Auch in der linken Szene ist Schweigert deshalb gefürchtet. Ein Schüler, der mit ihm persönlich zu tun hatte, denkt nur ungern an Begegnungen zurück: „Immer, wenn der mich an der Bushaltestelle gesehen hat, hat er sich ein Tuch über das Gesicht gezogen und ist auf mich losgerannt.“ Als die Polizei 1994 das Haus des Nazi-Rockers Arnulf Priem stürmte, war Schweigert mit von der Partie. Die Kameraden hatten sich die Zeit damit vertrieben, vom Dach der Wohnung von Arnulf Priem aus mit Stahlkugeln auf Journalisten zu schießen.
Heute beschäftigt sich Schweigert vor allem mit der Erfassung von Daten seiner politischen Gegner. Schon vor über zehn Jahren soll er nach Angaben von Aussteigern damit begonnen haben, Adressen von Linken zu sammeln. Der Zeitschrift Antifaschistisches Infoblatt gilt Schweigert als Hauptaktivist der „Anti-Antifa“ in Berlin. Das Landeskriminalamt ermittelt gegen mutmaßliche Angehörige der „Anti-Antifa“ wegen Bildung einer kriminellen Vereinigung. Das Landesamt für Verfassungsschutz attestiert Schweigert und seiner Gruppe immerhin eine „gewisse Grundgefährlichkeit“.
Das scheint untertrieben. Schweigert stand bereits wegen Körperverletzung und gemeinschaftlicher Brandstiftung vor Gericht. Aus seinem Umfeld kommt es immer wieder zu schwersten Straftaten. So war er zusammen mit dem Treptower Neonazi Detlef Nolde Mitglied der verbotenen FAP. Nolde war 1997 an einer Messerstecherei beteiligt, in deren Verlauf sein Begleiter zwei Wittenberger Neonazis mit Stichen ins Herz tötete – das Landgericht Berlin verurteilte Nolde später zu zweieinhalb Jahren Haft wegen gefährlicher Körperverletzung.
Auch mit dem Polizistenmörder Kay Diesner ist Schweigert persönlich bekannt. Beide waren in der Gruppe „Sozialrevolutionäre Nationalisten“ aktiv. In ihr planten Mitglieder der Berliner Neonazi-Szene Anfang der Neunzigerjahre den Weg in den Terrorismus.

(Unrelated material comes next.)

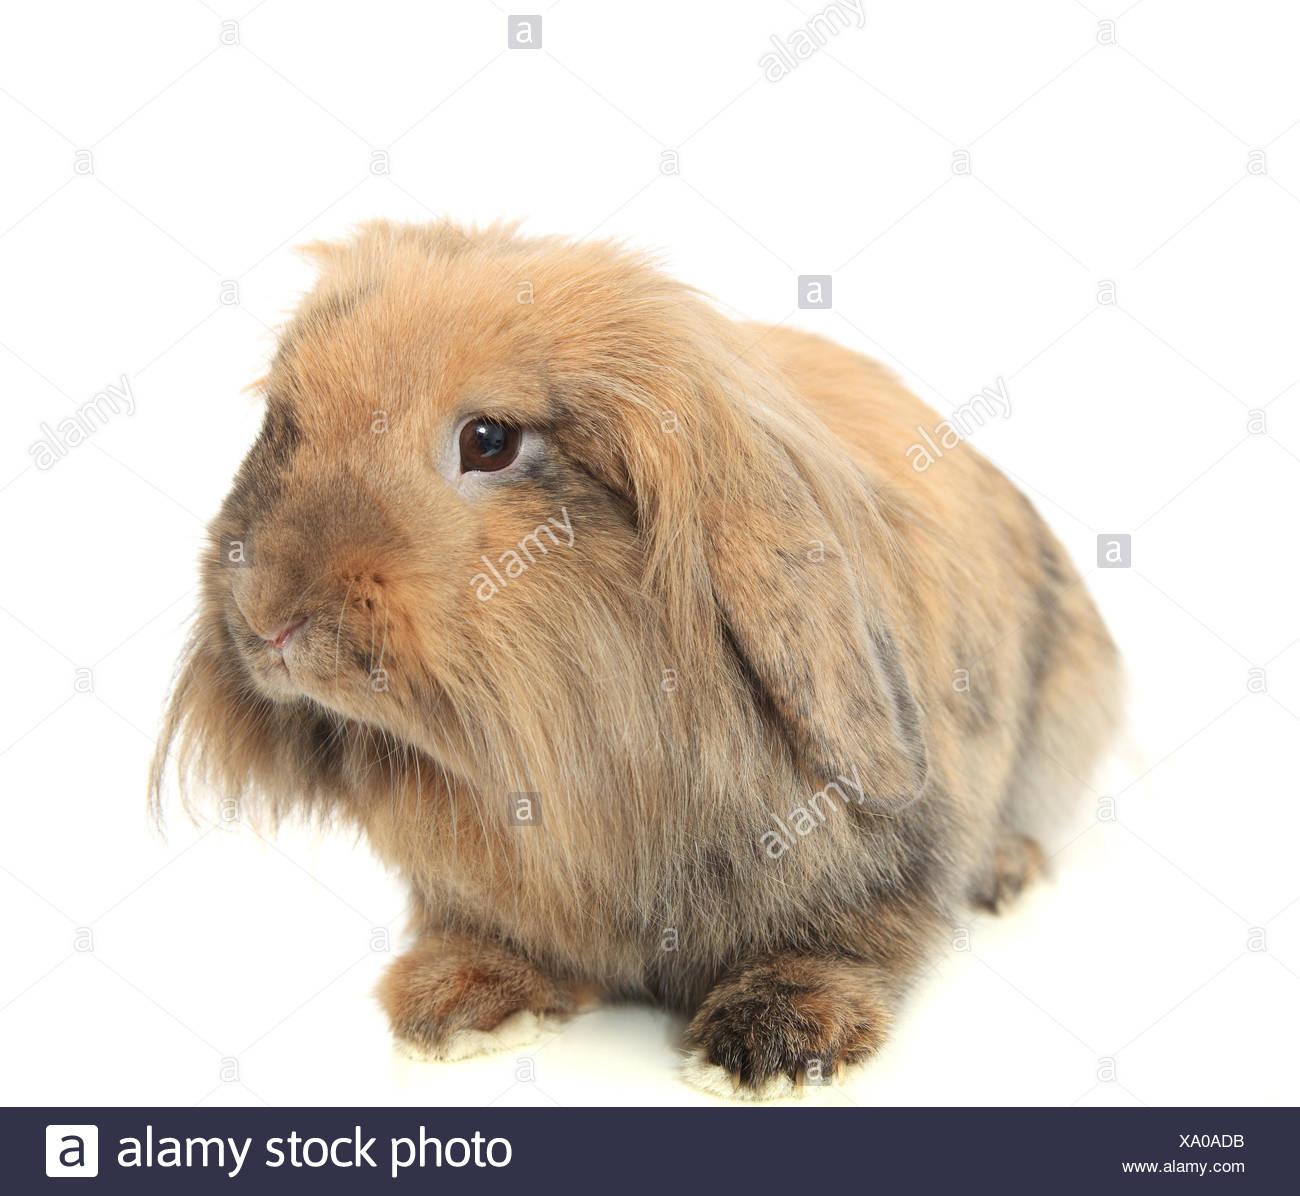 Brown rabbit - Stock Image

Schweigert war einer der inoffiziellen Führer der Gruppe. Diesner, der angebliche Einzeltäter, tat das, worüber die anderen nur redeten, schoss mit seiner Pumpgun auf einen PDS-Buchhändler, tötete einen Polizisten.
Vergessen hat Schweigert seinen Kameraden nicht. Ende 1998 marschierten er und seine Kameraden vor der Justizvollzugsanstalt Tegel auf. „Freiheit für Kay Diesner“, stand auf einem der Transparente. Im Aufruf zum Horst-Wessel-Marsch am Samstag heißt es: „Wenn es gilt, sind wir stets bereit, für Deutschland das Leben zu wagen ...“ Auch der Amokläufer Diesner dürfte Sprüche wie diesen wörtlich genommen haben.